In the initial stages Google did not proofread any of its books. Any. Ever. In any way.

One title checked in this office a few months ago had 1,313 errors in it. If a book publishing company put out a title with that many errors it would be laughed out of court.

Compare with Gutenberg which has an army, a positive army, of proof readers to see that they books are correct and readable.

Then Google, harassed by American publishers issued a Google Book Search Settlement Agreement which totally trampled over the Berne and Geneva copyright conventions. It was written in a type of legal flackese which suggested, falsely, the concept of Evergreen Copyright. You scan in an out-of-copyright book and Google cannot display it in its whole form.

Google did this because the publishers went ‘boo’. The publishers, had, in the main, done the square root of of sod all. But Google is gutless and someone had worked out the cost of proofreading and wanted to pass it on to the eventual user — you the mug punter.

Google,  in a post on Thursday on the Google Book Search blog, said mobile versions of the books could be read on devices such as the Apple iPhone or T-Mobile G1, which is powered by Google’s Android software. It made no mention of cost of reading out of copyright books.

As far as can be ascertained Google has decided to rewrite the copyright law to get around some of its proof-reading problems.

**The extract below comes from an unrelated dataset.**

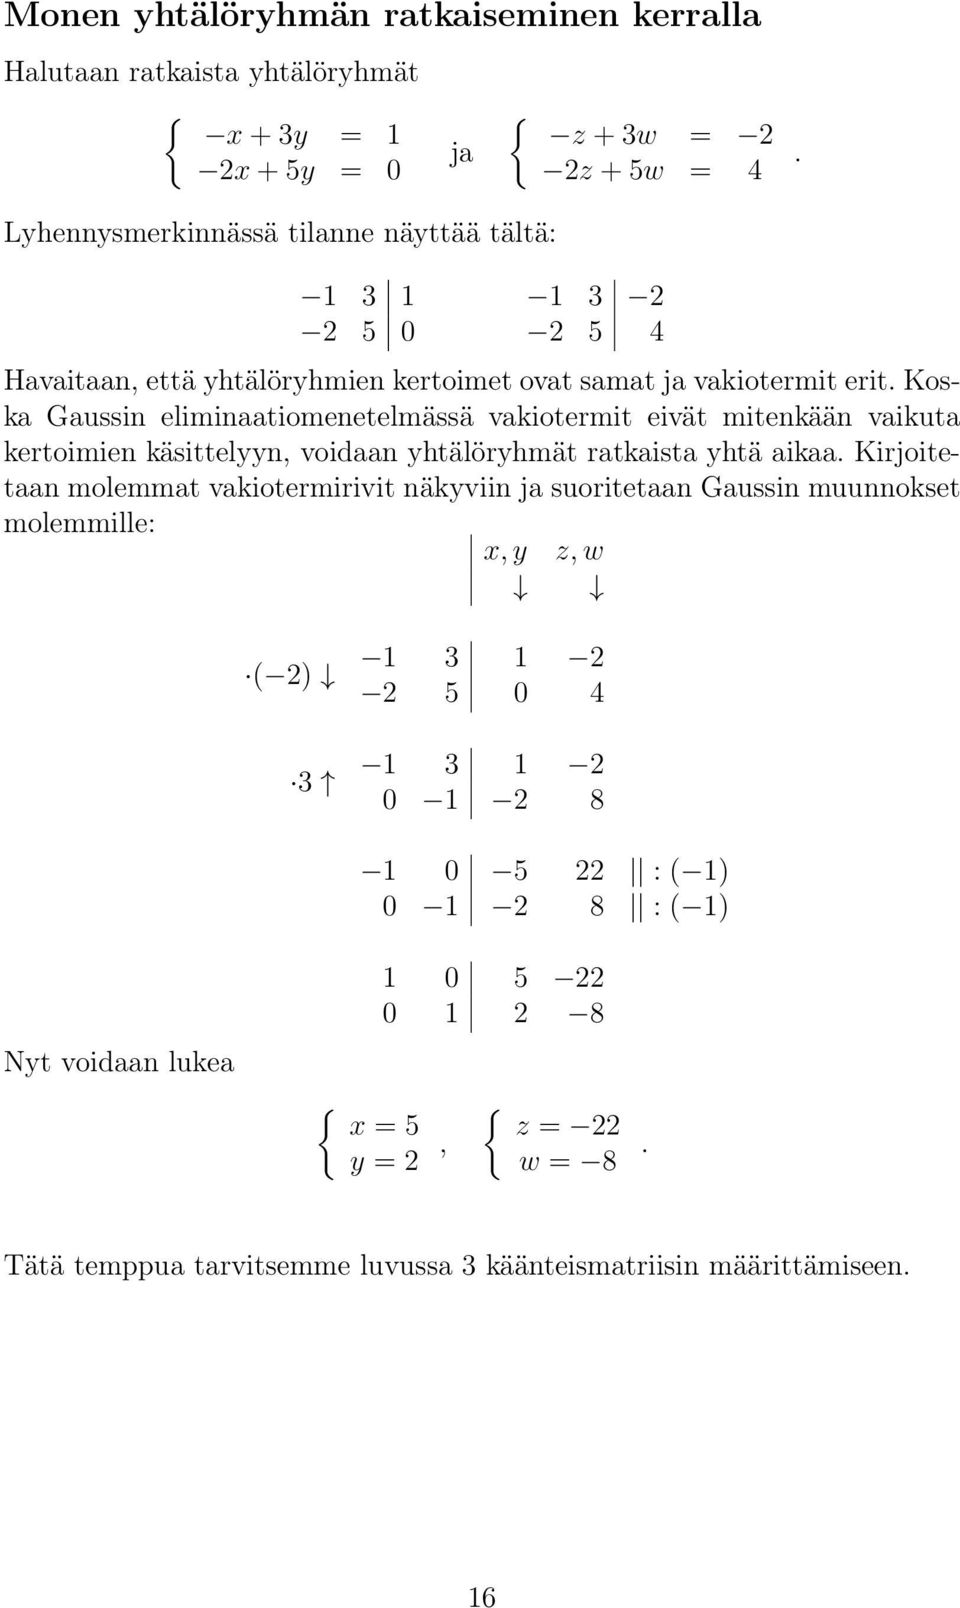 käsittelyyn, voidaan yhtälöryhmät ratkaista yhtä aikaa Kirjoitetaan molemmat vakiotermirivit näkyviin ja suoritetaan Gaussin muunnokset molemmille: x, y z, w ( 2) 3 1 3 1 2 2 5 0

Take The Yangtze Valley and Beyond by the amazing Victorian adventurer Isabella Bird. Earnshaw Books publishes it but does not claim copyright.  It cannot do that. The book was originally published in 1899.

Google thinks it can. Google, on its own behalf, has in effect rewritten the Copyright Law so that any book republished acquired a new copyright from the new date of publication. Congress knows nothing of this. Nor does the Copyright Office in London.

Google's book effort stuffs the copyright actGoogle said, ‘These new mobile editions are optimized to be read on a small screen. With this launch, we believe that we’ve taken an important step toward more universal access to books.’

Stuff and nonsense. Rubbish. Knickers and bum and worse swear words I can think of.

Yes,  I have books scanned into my mobile phones. Yes, I read them. But FIRST, they are proof read. Properly proof-read so that they are intelligible, useful, add to the sum of knowledge. And I pay for the books if they are in copyright.

The wunderkind at Apple know not of proof-reading. (There is an allegation that none of them can read but this should be ignored.)

To proof read a book to any sort of acceptable level costs — to use a Fermi figure which will do for this calculation — $500.

So according to the Google flacks 2 million books are to be hurled at the unsuspecting public. To get them into properly readable shape would cost a billion dollars.

The reason why Microsoft stopped scanning in the vast library of pictures it had acquired and deposited them in a damp-proof Canadian mine is it found it cost, roughly, $50 a picture to scan them properly. The costs are nigh on unbearable.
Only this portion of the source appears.